Am J Epidemiol. 2013 May 1;177(9):904-12. doi: 10.1093/aje/kws340. Epub 2013 Apr 4.
Outcome misclassification is widespread in epidemiology, but methods to account for it are rarely used. We describe the use of multiple imputation to reduce bias when validation data are available for a subgroup of study participants. This approach is illustrated using data from 308 participants in the multicenter Herpetic Eye Disease Study between 1992 and 1998 (48% female; 85% white; median age, 49 years). The odds ratio comparing the acyclovir group with the placebo group on the gold-standard outcome (physician-diagnosed herpes simplex virus recurrence) was 0.62 (95% confidence interval (CI): 0.35, 1.09). We masked ourselves to physician diagnosis except for a 30% validation subgroup used to compare methods. Multiple imputation (odds ratio (OR) = 0.60; 95% CI: 0.24, 1.51) was compared with naive analysis using self-reported outcomes (OR = 0.90; 95% CI: 0.47, 1.73), analysis restricted to the validation subgroup (OR = 0.57; 95% CI: 0.20, 1.59), and direct maximum likelihood (OR = 0.62; 95% CI: 0.26, 1.53). In simulations, multiple imputation and direct maximum likelihood had greater statistical power than did analysis restricted to the validation subgroup, yet all 3 provided unbiased estimates of the odds ratio. The multiple-imputation approach was extended to estimate risk ratios using log-binomial regression. Multiple imputation has advantages regarding flexibility and ease of implementation for epidemiologists familiar with missing data methods.

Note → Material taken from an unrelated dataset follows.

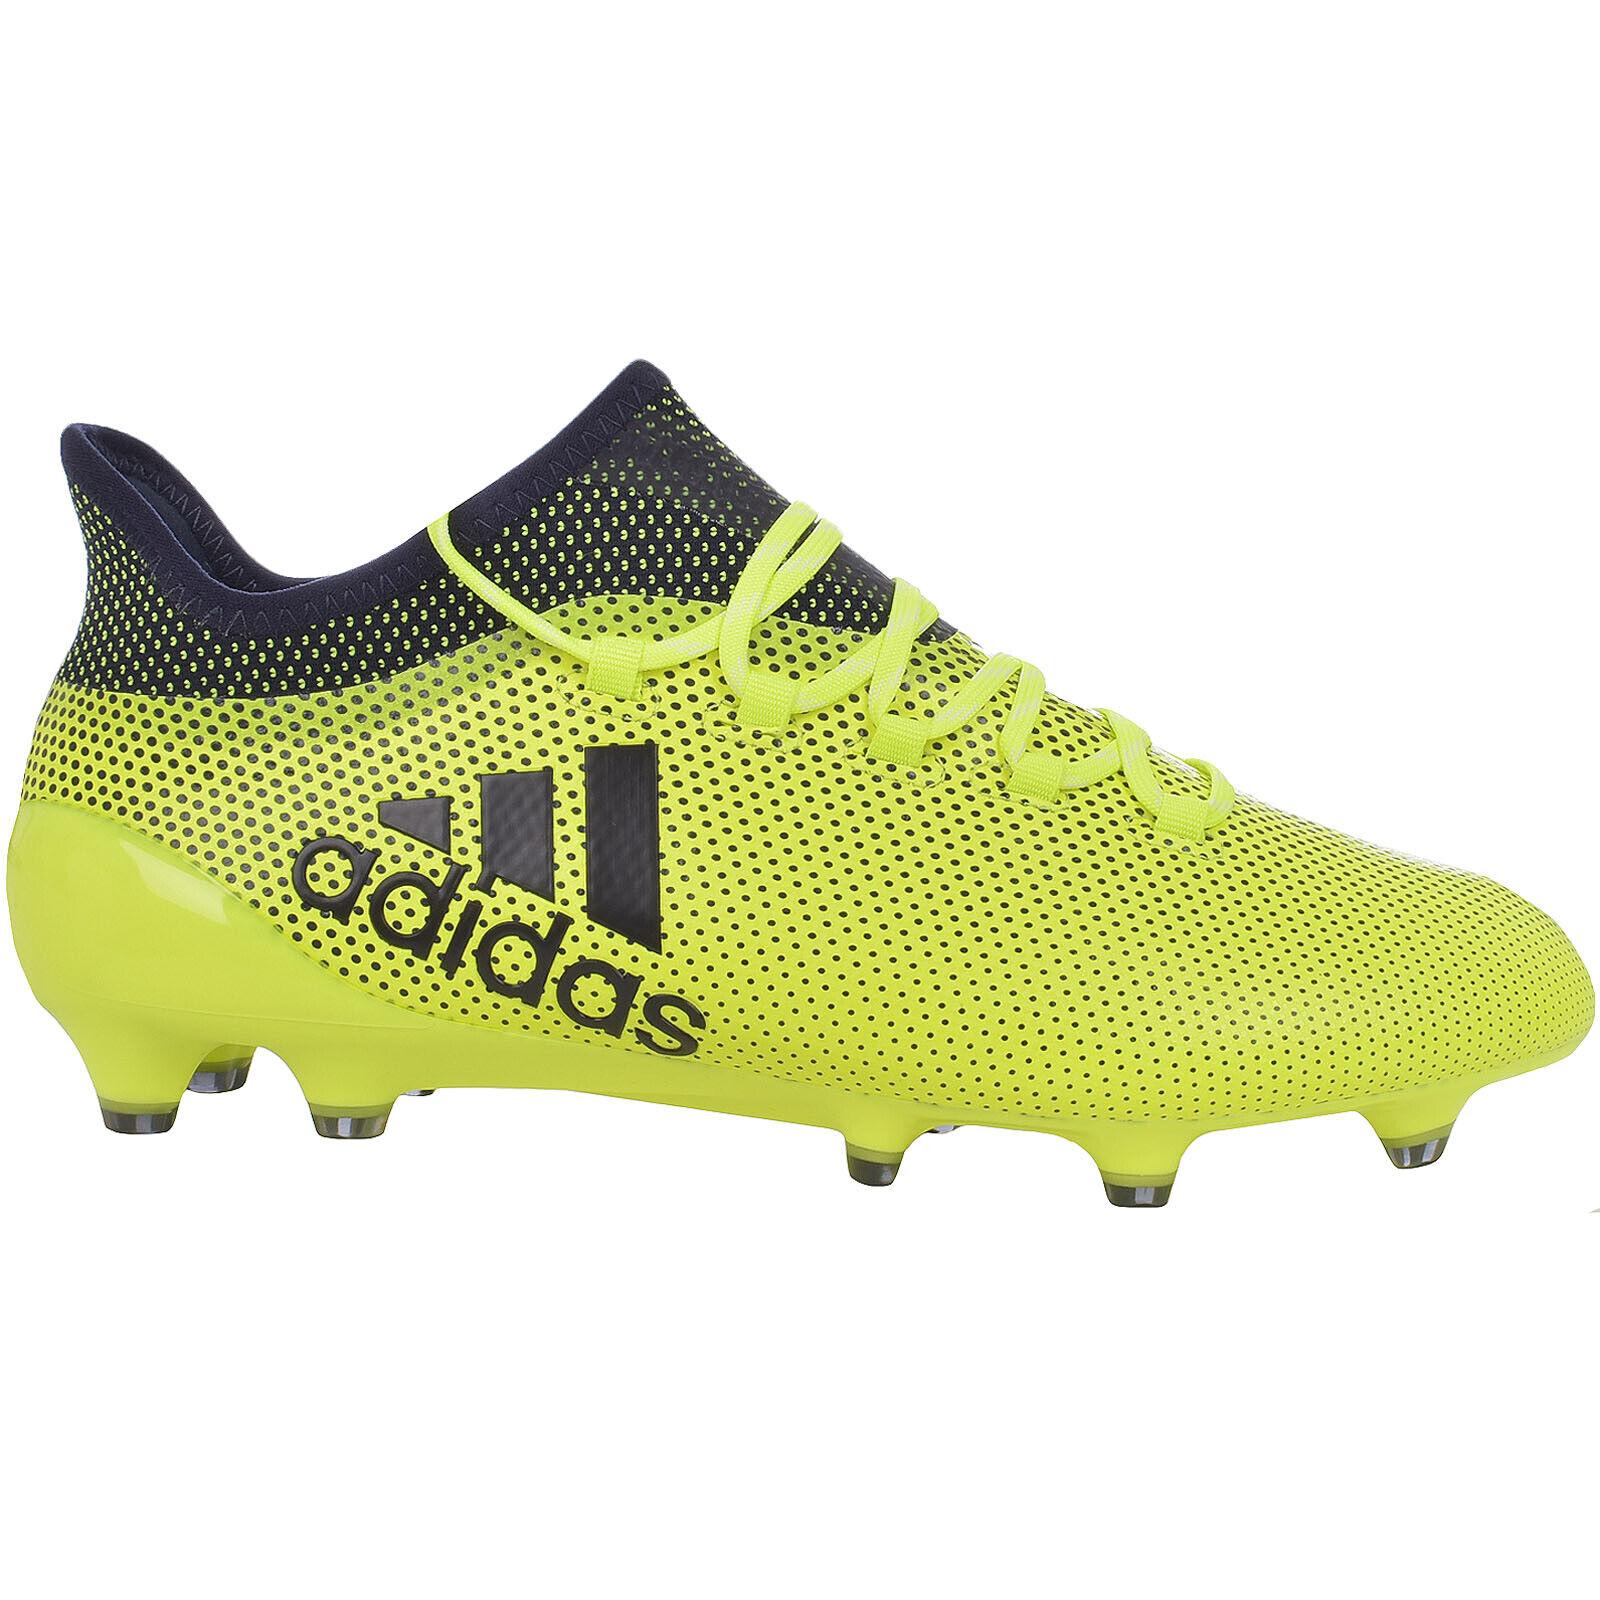 b7720626770 Adidas Performance Mens X 17.1 FG Football Sports botas zapatos - amarillo

结局错误分类在流行病学中很常见,但很少使用解决方法。我们描述了在验证数据可用于研究参与者的亚组的情况下,使用多重插补来减少偏差的方法。该方法使用了 1992 年至 1998 年间进行的多中心疱疹性眼病研究中的 308 名参与者的数据(女性占 48%;白人占 85%;中位年龄为 49 岁)进行说明。比较阿昔洛韦组与安慰剂组在黄金标准结局(医生诊断的单纯疱疹病毒复发)上的优势比为 0.62(95%置信区间:0.35,1.09)。我们对医生的诊断进行了蒙蔽,除了用于比较方法的 30%验证亚组外。多重插补(优势比(OR)=0.60;95%置信区间(CI):0.24,1.51)与使用自我报告结局的简单分析(OR=0.90;95%CI:0.47,1.73)、仅限于验证亚组的分析(OR=0.57;95%CI:0.20,1.59)和直接最大似然(OR=0.62;95%CI:0.26,1.53)进行了比较。在模拟中,多重插补和直接最大似然比仅限于验证亚组的分析具有更高的统计能力,但这 3 种方法都提供了无偏的优势比估计。多重插补方法扩展到使用对数二项式回归来估计风险比。对于熟悉缺失数据方法的流行病学家来说,多重插补在灵活性和易于实施方面具有优势。